**What is needed:** Before copying the entries, remove the pictures; everything else stays exactly as it is.

**Exercise data:**
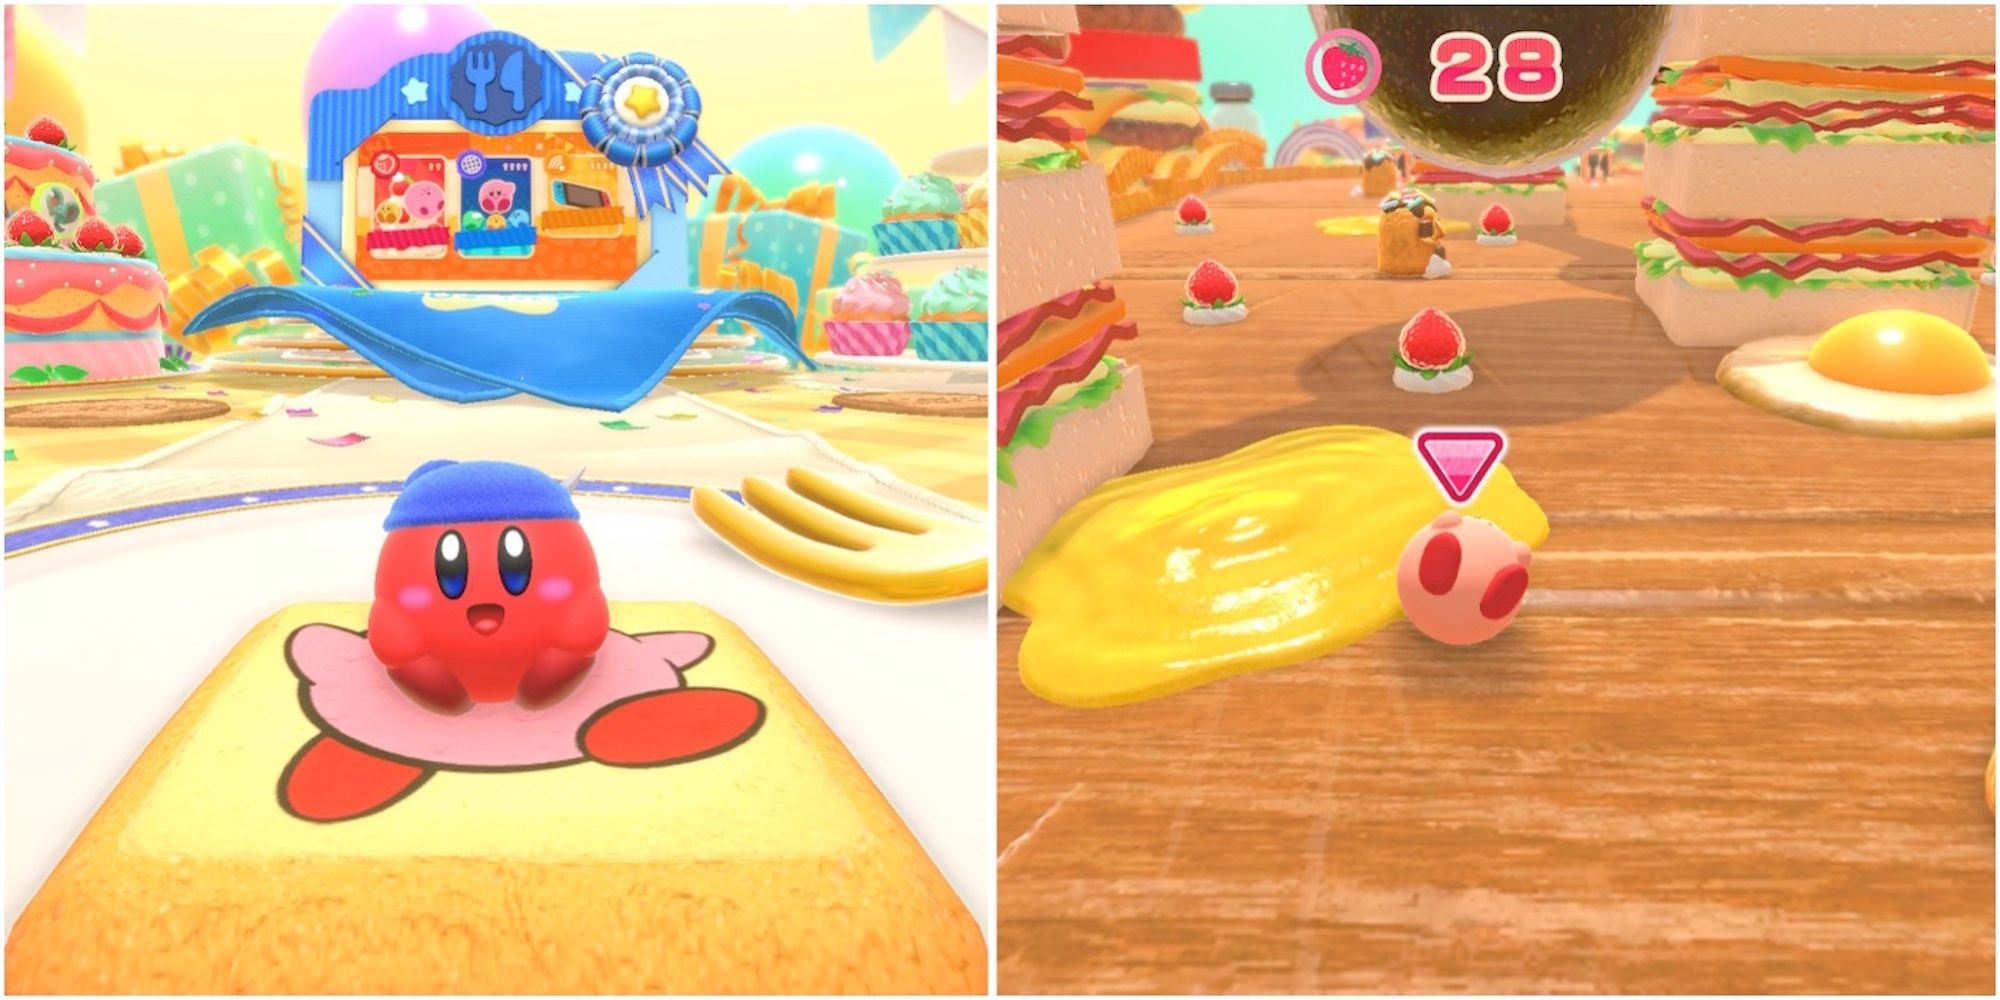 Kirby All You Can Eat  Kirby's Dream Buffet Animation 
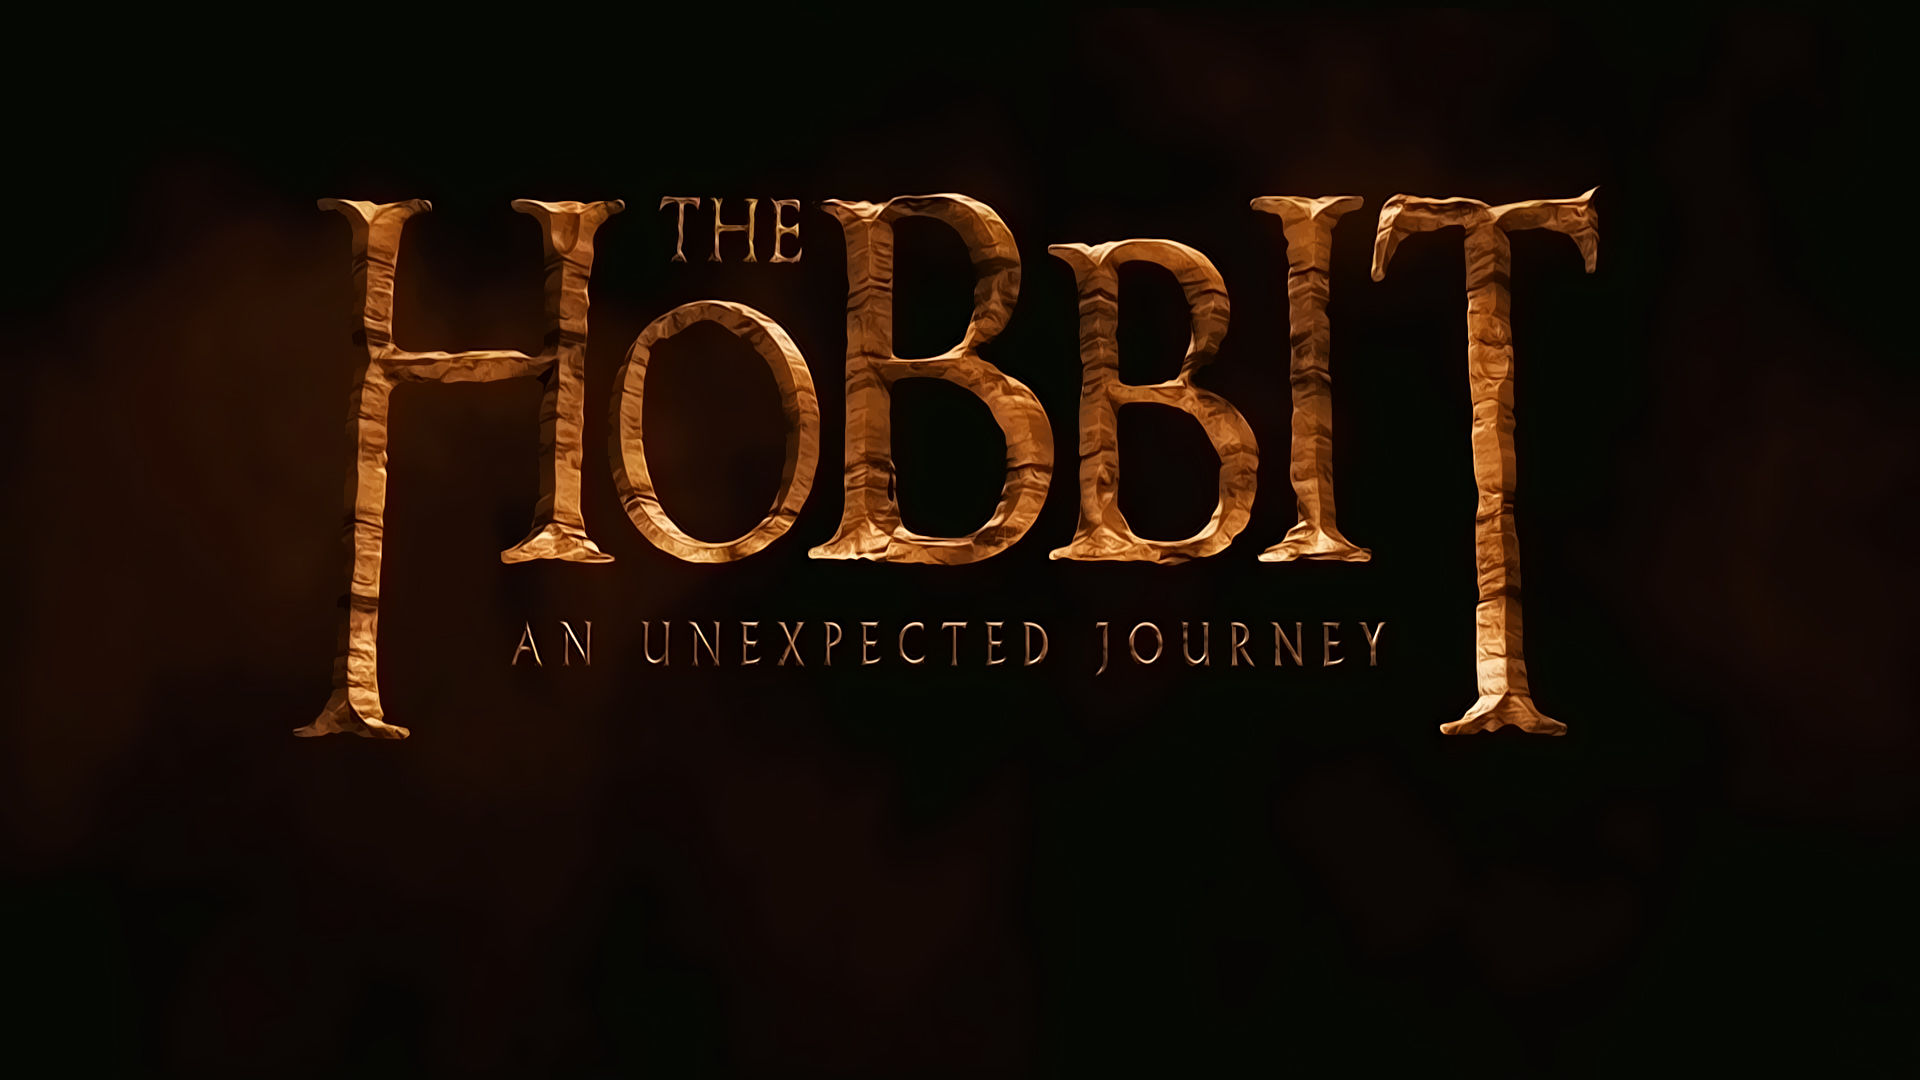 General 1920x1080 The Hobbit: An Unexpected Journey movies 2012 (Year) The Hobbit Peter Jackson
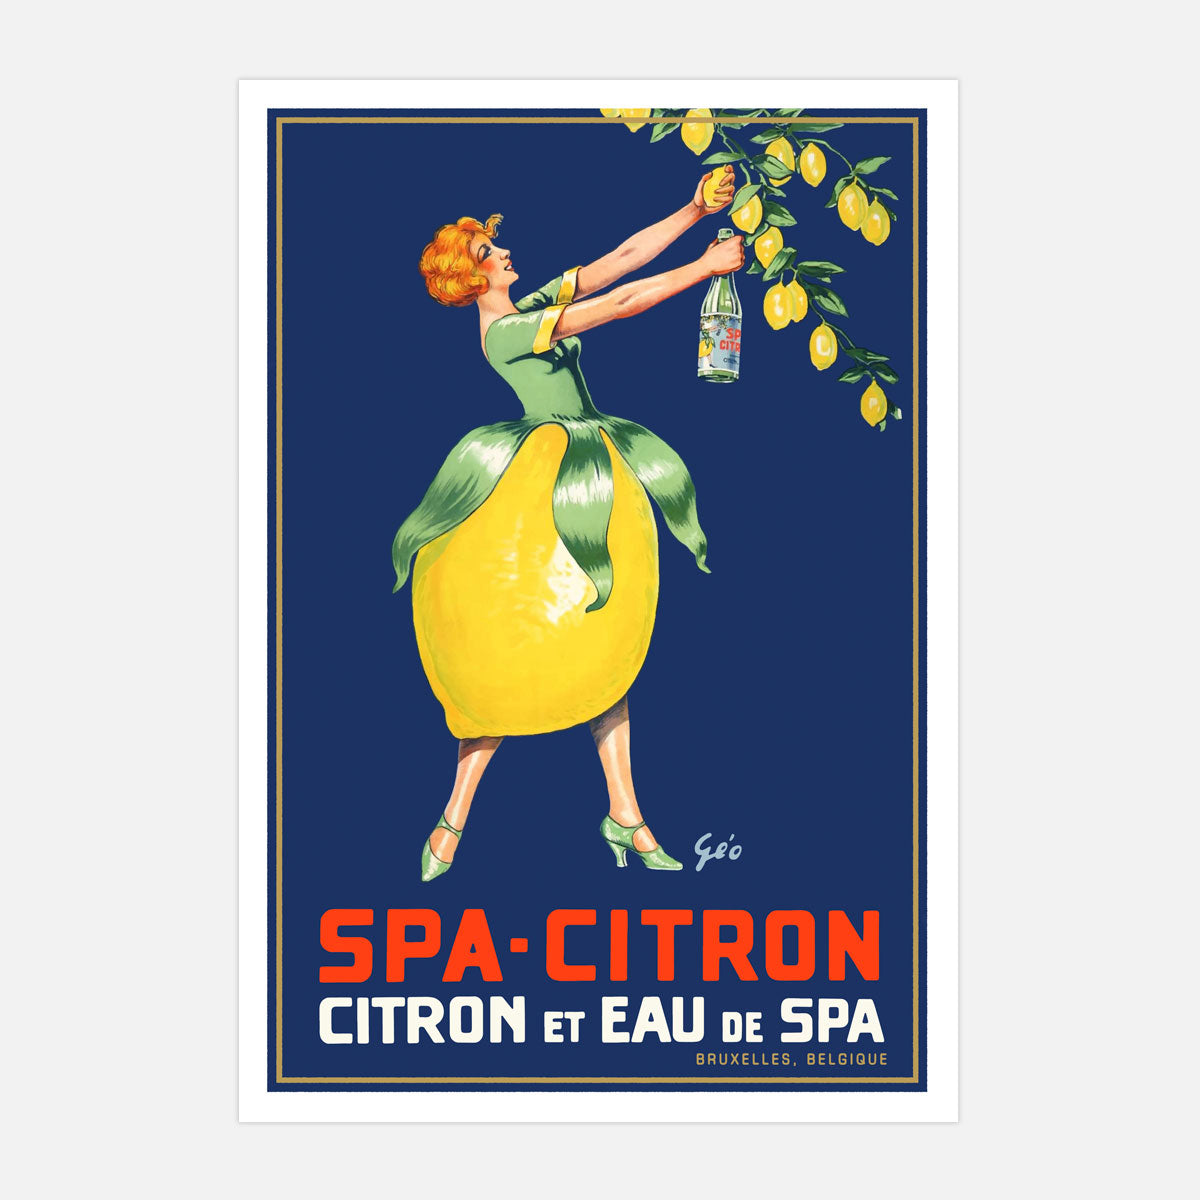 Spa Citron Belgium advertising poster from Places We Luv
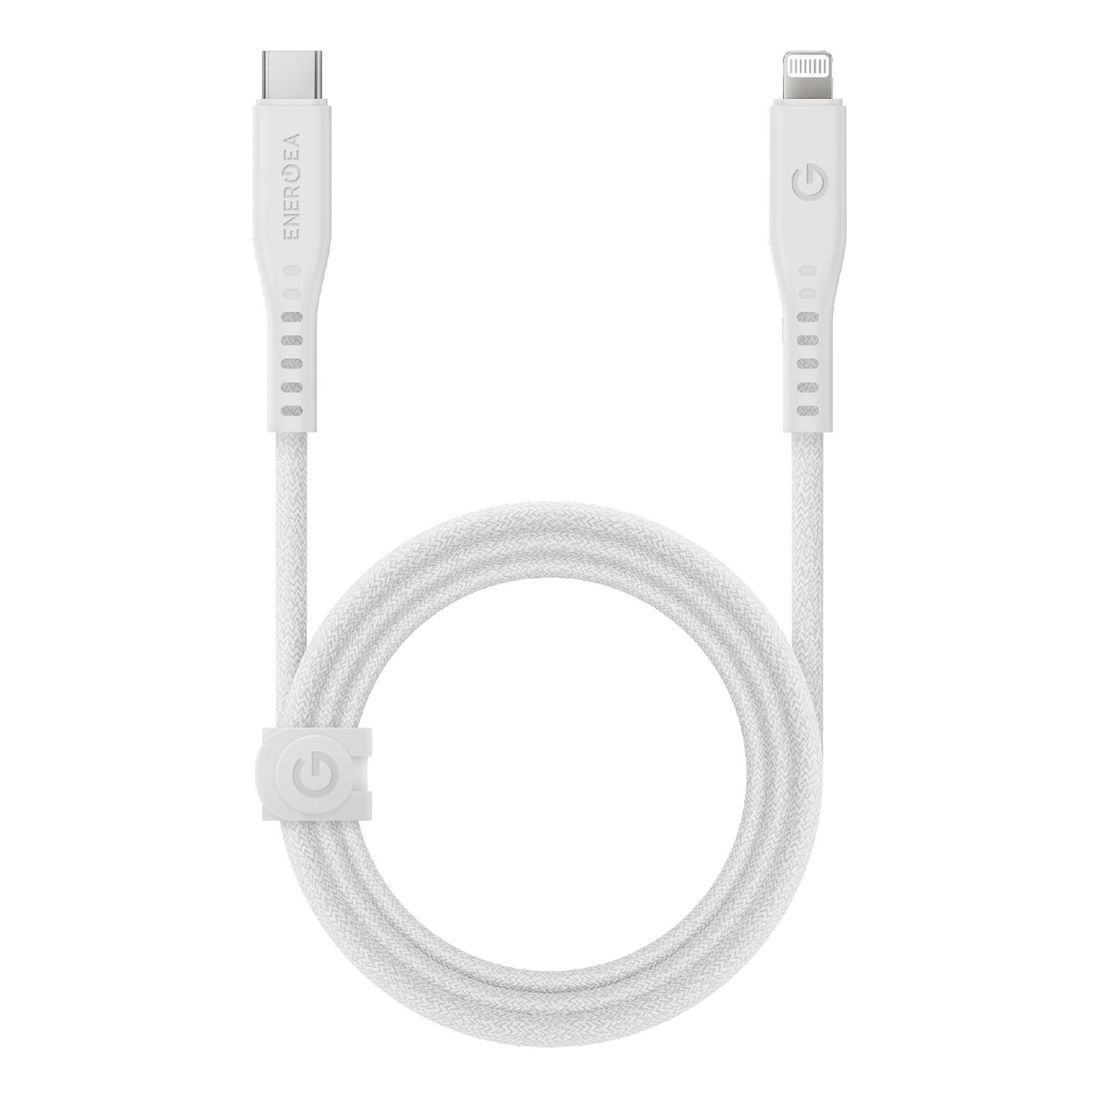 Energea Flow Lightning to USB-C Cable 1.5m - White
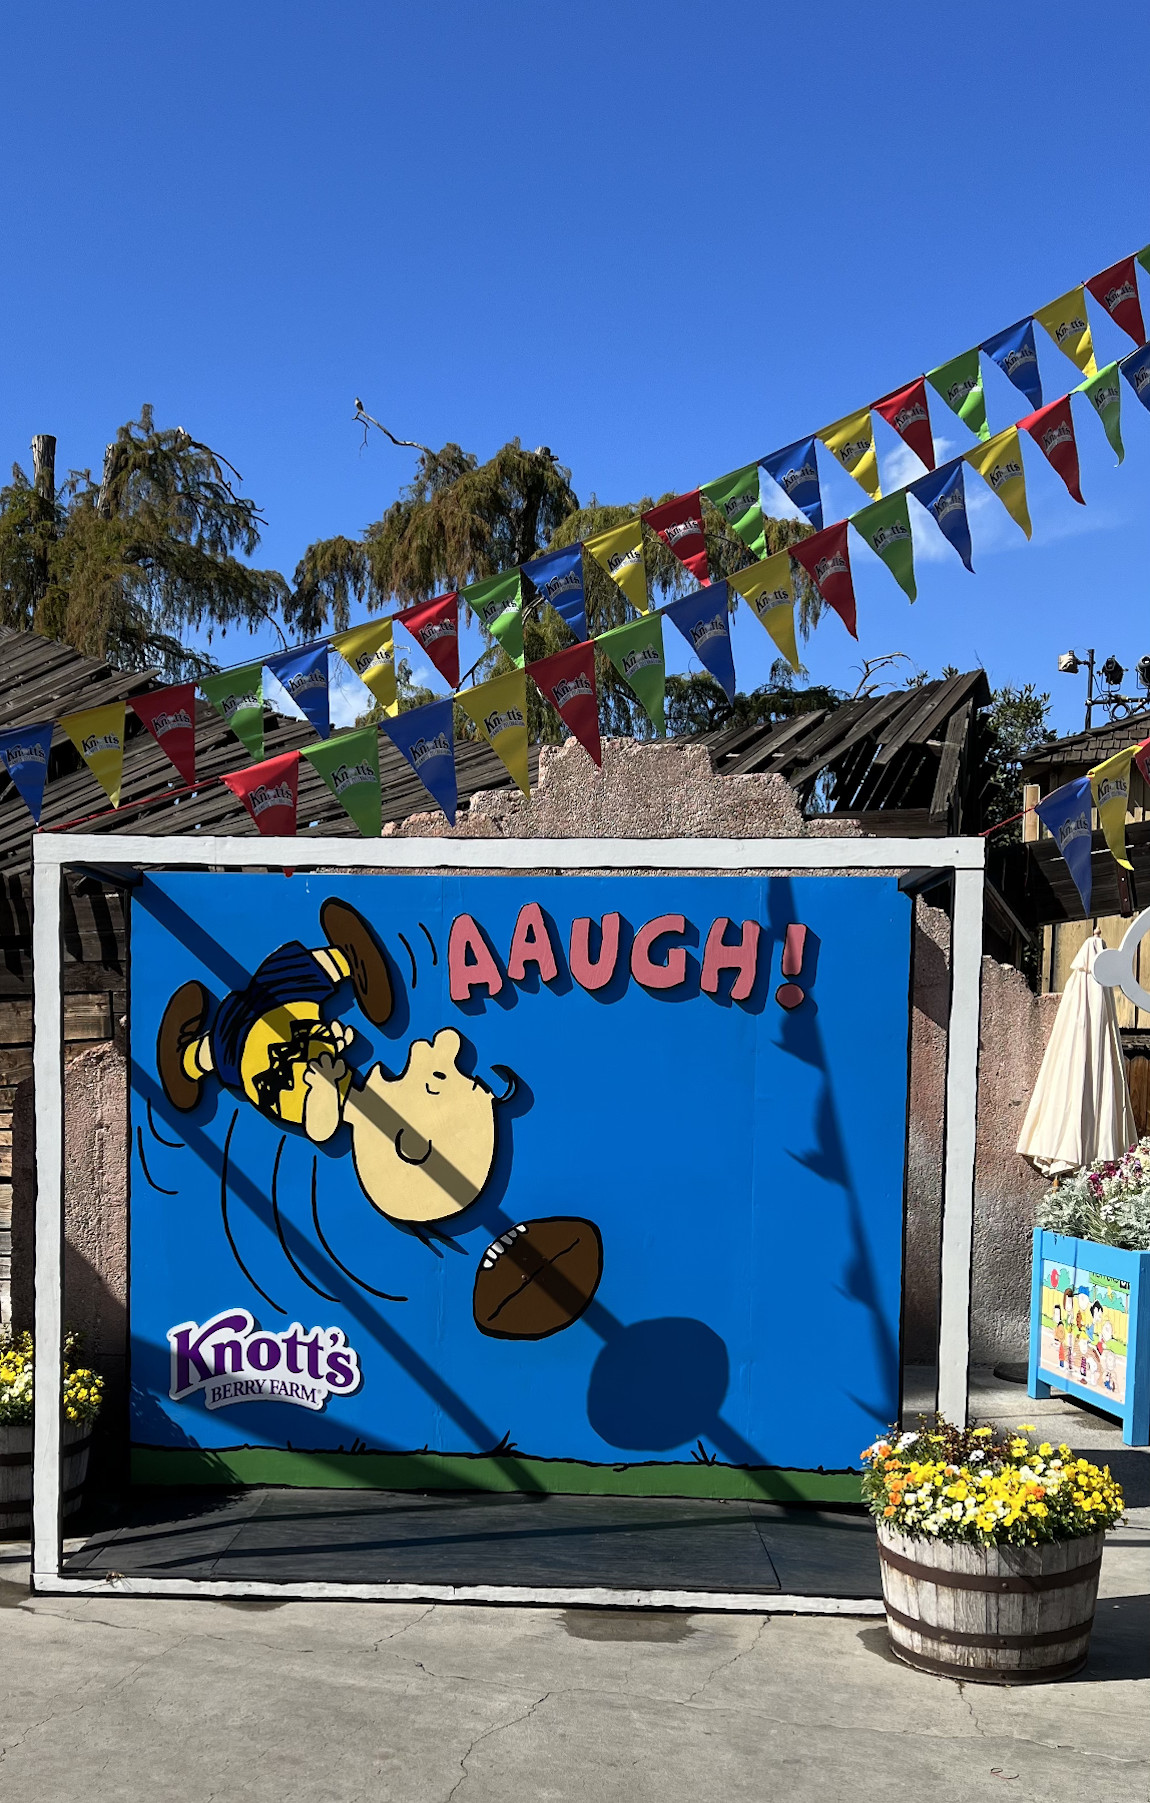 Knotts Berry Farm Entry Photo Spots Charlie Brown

**Response to the exercise:**
 Kirby All You Can Eat  Kirby's Dream Buffet Animation 
 General 1920x1080 The Hobbit: An Unexpected Journey movies 2012 (Year) The Hobbit Peter Jackson
 Spa Citron Belgium advertising poster from Places We Luv
 Energea Flow Lightning to USB-C Cable 1.5m - White
 Knotts Berry Farm Entry Photo Spots Charlie Brown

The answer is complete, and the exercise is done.